世界がキャンパス 私の留学STORY 外国語学部外国語学科 4年 山本 知咲さん (西南学院高等学校出身)

目標の派遣留学に向け、
英語を使うアルバイトにも挑戦。
 私の英語人生に大きな影響を与えたのは、母の存在です。母は学生時代に留学やワーキングホリデーを経験していたこともあり、私も幼少期から国際交流の機会に恵まれました。すると、自然と英語への憧れが芽生え、いつしか留学を志すように。しかし、高校3年間はパンデミックの影響で留学プログラム自体が中止になるなど、留学という夢が遠ざかってしまいました。ただ、その後も留学に対する情熱や憧れを持ち続け、大学入学後は派遣留学を目標に据え、コツコツと勉強を続けました。
 その取り組みの1つが、大学1年次から現在も続けている福岡空港国際線のカフェでのアルバイトです。保安検査先のカフェという特性上、外国人の利用が多く、スピーディーな対応が求められるため、より実践的な英語を学ぶことができています。着実にリスニング力もスピーキング力も向上していることを日々実感し、頭で深く考えず、瞬時に英語が口から出てくるようになりました。その他にも、言語教育センター主催の英語関連のイベントに参加したり、TOEFLの試験対策の勉強をしたりと、多方面から英語力を鍛え、留学に挑みました。
躊躇せずに、一歩踏み出す。
その行動力が人生を切り開く。
 アメリカの大学への留学を志した理由は、アメリカの社会構造や文化を、実際の生活の中で多角的に理解したいと考えたから。
 当初は、留学に強い憧れを抱いていた分、“充実した留学生活を送らなければならない”というプレッシャーを感じており、他人と比較しては、落ち込んでホームシックになることもありました。しかし、周囲を見渡せば、人種やバックグラウンド、LGBTQ+も含めて互いの個性を認め合う文化が根付いており、周囲の基準で自分を測るのではなく、自分自身の成長に目を向けることの大切さを友人から学びました。

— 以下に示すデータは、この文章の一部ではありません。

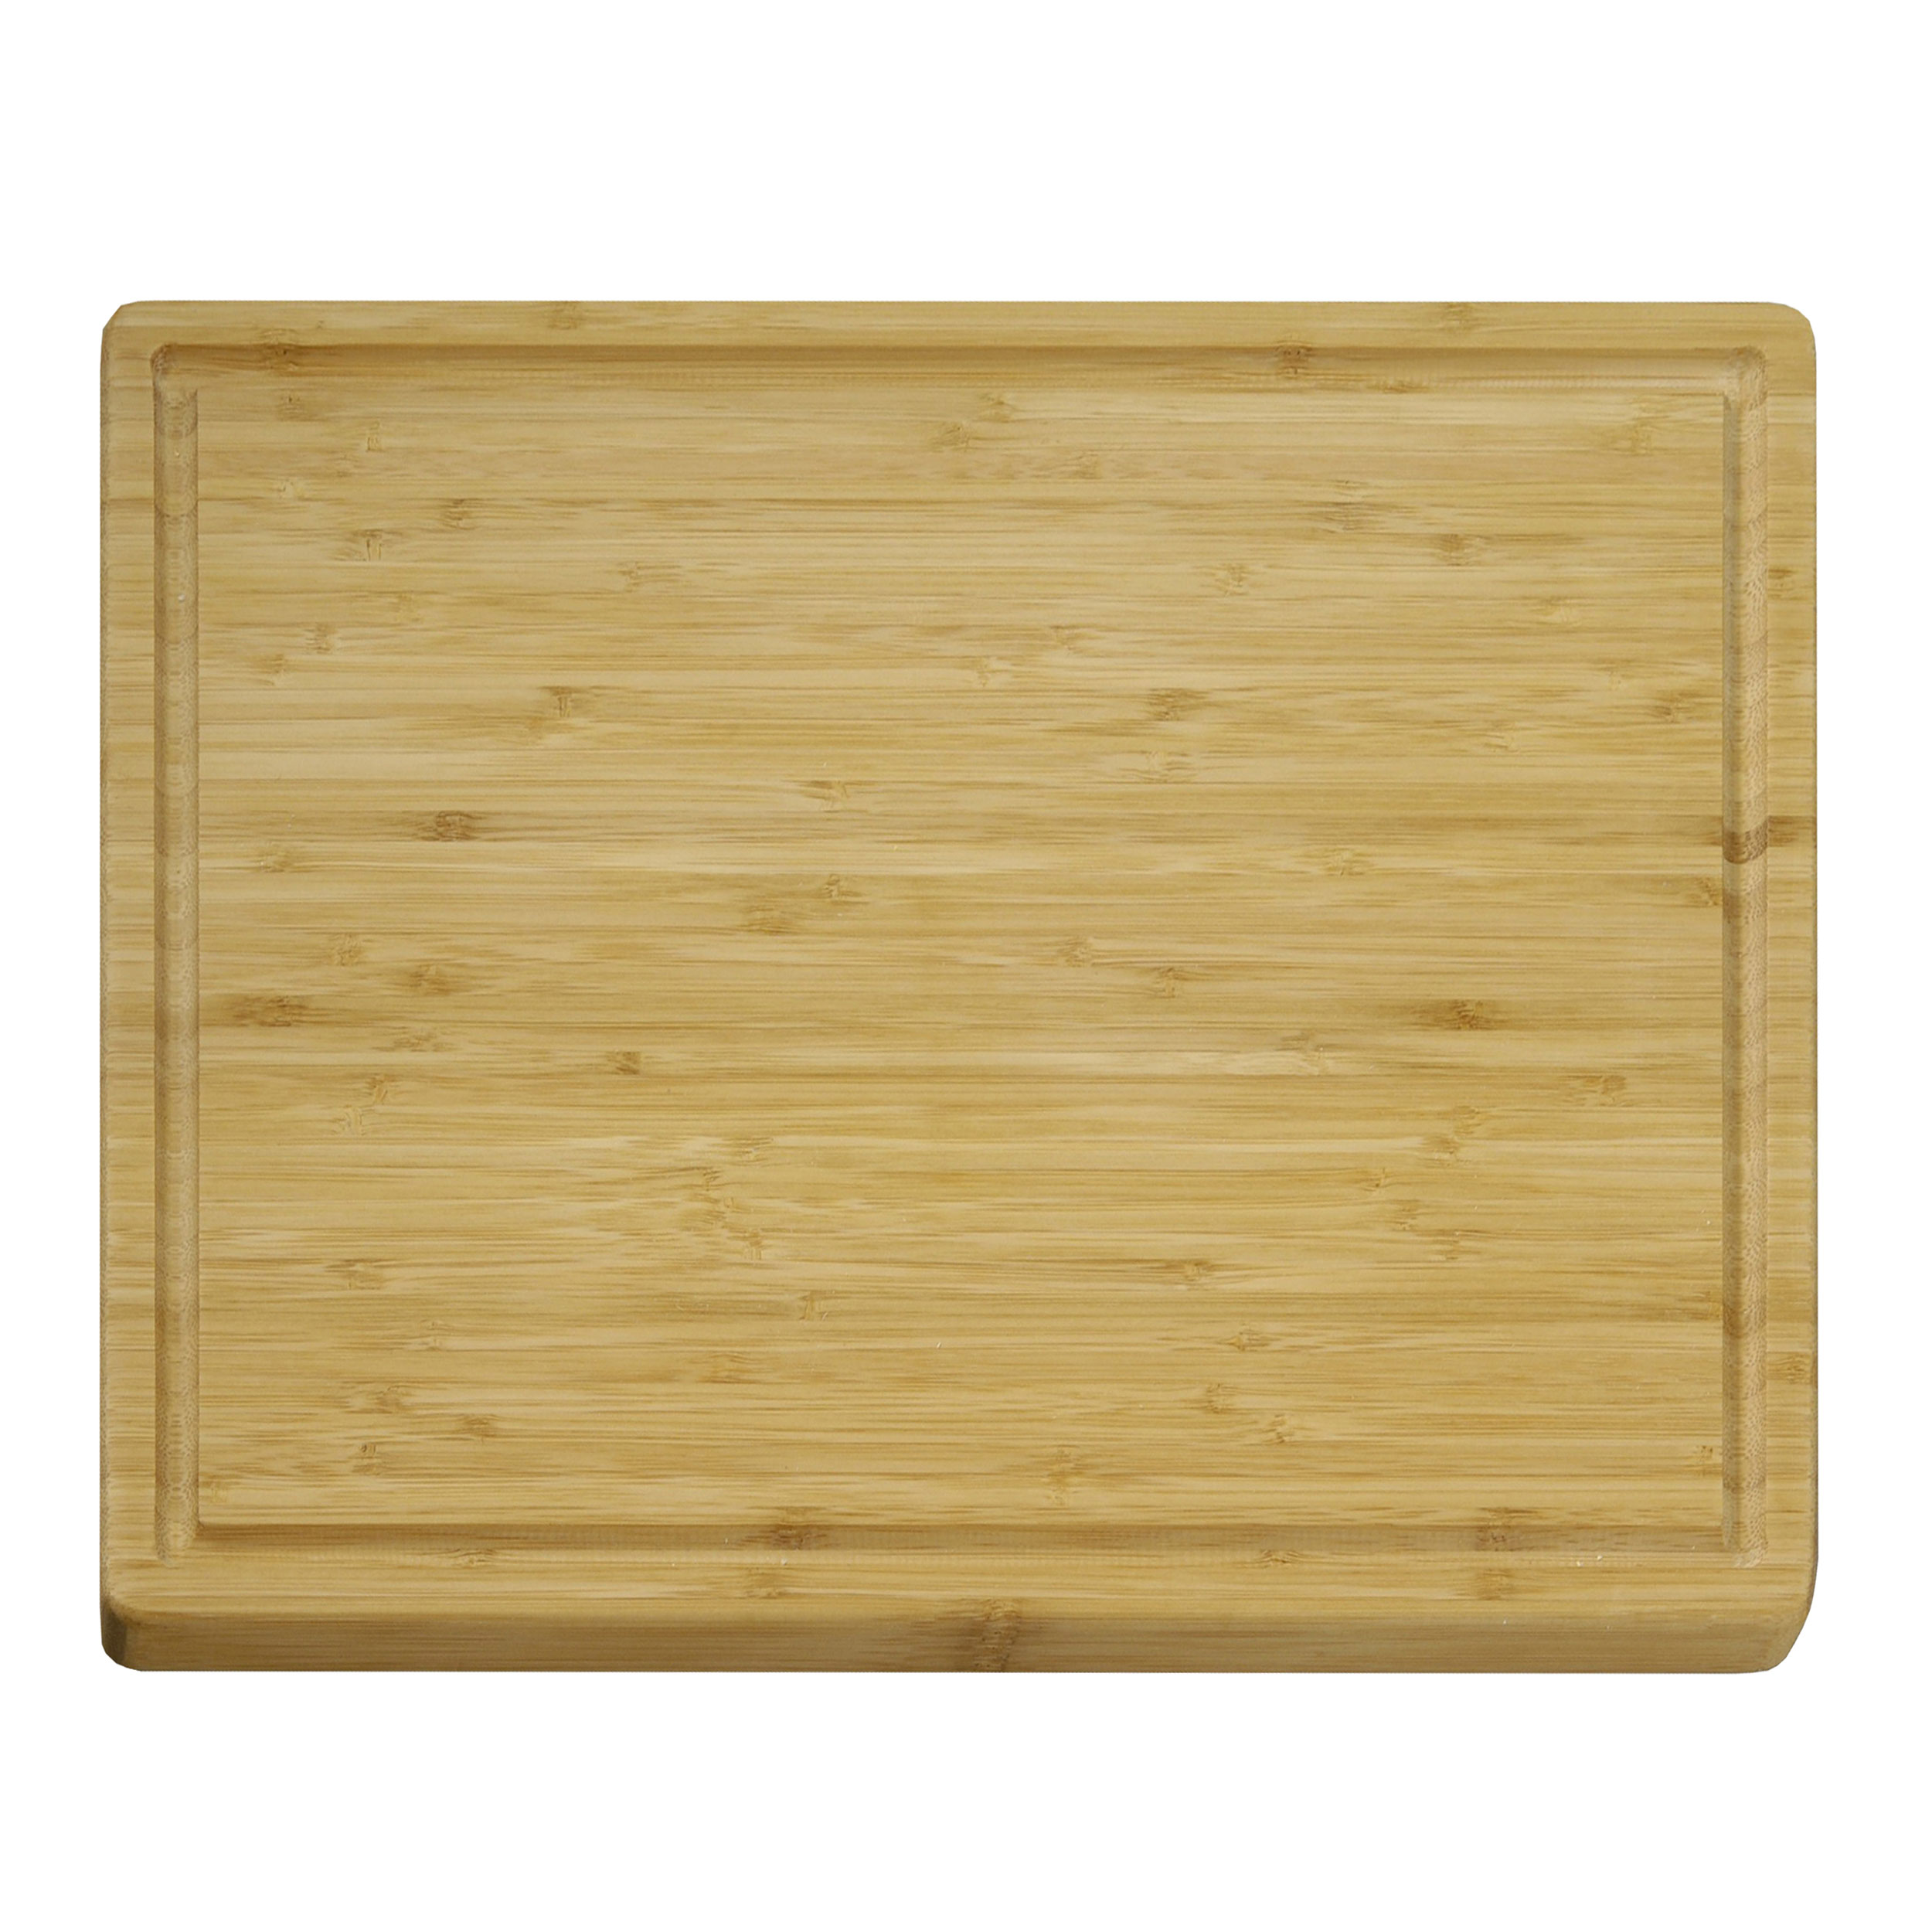 12 X 15 Inch X 3/5 Inch Thick Bamboo Grooved Cutting Board

 また、留学先の大学では、初日から留学生も参加できるイベントが毎日のように行われ、学内はいつも活気にあふれていました。留学生限定のディナーパーティーや、焚き火を使ったスモア(スイーツ)づくり、キャンパスにある湖でのカヤック、DJイベントなど、楽しいイベントが目白押し。大学側の歓迎ムードも後押しし、緊張も自然とほぐれていきました。
 私が留学に向けて掲げた目標は、やりたいと思ったことは躊躇せずにやってみること。授業以外に新たなコミュニティーをつくるために、吹奏楽団に所属しました。中学校、高校と続けていたアルトサックスを週に2回練習し、演奏会にも挑戦。ソロパートを担当することができました。その他にも、ジャパニーズクラブという学生団体に、日本語支援員として参加し、日本の文化や日本語の面白さを伝える工夫を考えました。さらに、小学生以来の経験だったバスケットボールクラブや、未経験のテニスクラブのトライアウトに挑んだことも良い思い出です。また、冬休みの1カ月を利用し、ほぼ単身でアメリカ2都市、ヨーロッパ7カ国を周遊したことも、貴重な経験でした。積極的に行動することでできることが増え、自分の手で人生を切り開いていけるんだと、少しずつ自信が付いてきました。

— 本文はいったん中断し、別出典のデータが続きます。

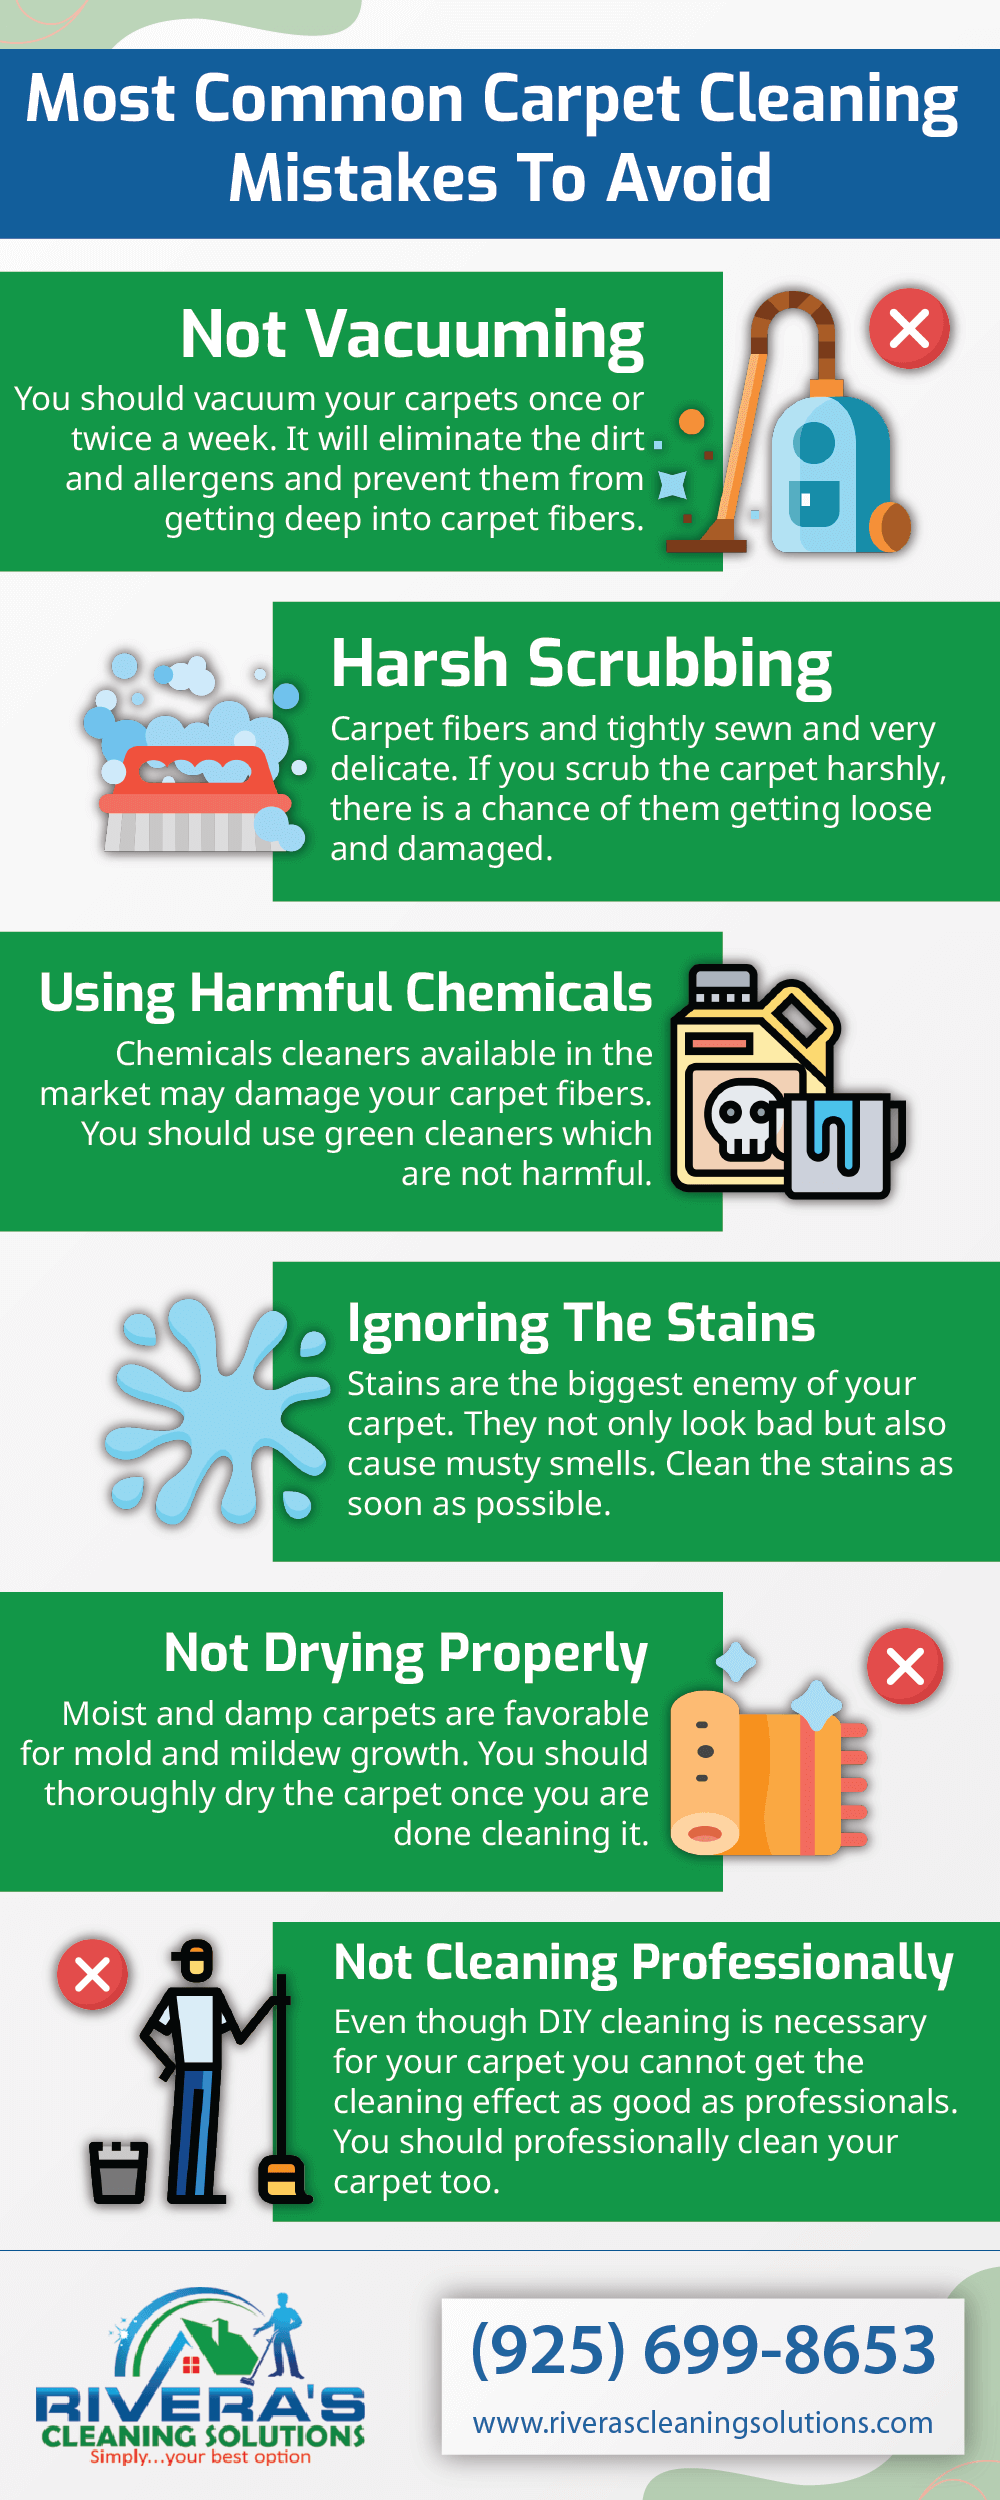 Most Common Carpet Cleaning Mistakes To Avoid

 将来は、留学生活で培った行動力を生かし、臆することなく一歩を踏み出し、周囲で課題や困難を抱えている人に手を差し伸べられるような人間になりたいです!
何を学びましたか?
 特定の専攻を決めず、前期は「英語ライティング」「世界史」「グローバル学」など、後期は「心理学」「メディア学」「SDGs」など、幅広い分野の講義を履修しました。中でも印象に残っているのが、「現代日本社会における女性の役割」という授業です。文化的背景や国籍の異なる学生たちとともに、自国の文化を客観的に分析し、議論するという経験は非常に新鮮で学びの多い時間でした。
大学がある街の雰囲気は
どんな感じですか?
 毎学期ごとに世界中から留学生が集まる多様性に富んだ環境です。滞在中、差別を感じるような経験は一度もなく、周囲の優しさに何度も助けられました。留学生も参加できる学内イベントが毎日のように開催され、学内はいつもにぎやか。スポーツも盛んで、バスケットボールやサッカー、野球など、全米トップクラスの試合を間近で観戦する機会にも恵まれました!
留学中の印象的な
エピソードはありますか?
 冬休み期間中、寮が改修工事を行うため、約1カ月閉鎖されることになり、退去を余儀なくされました。一時帰国の選択肢もありましたが、ピンチをチャンスと捉えて、長期の旅へ出ることに。フロリダからニューヨーク、そしてヨーロッパ各地を、同時期に留学していた友人を頼りに周遊しました。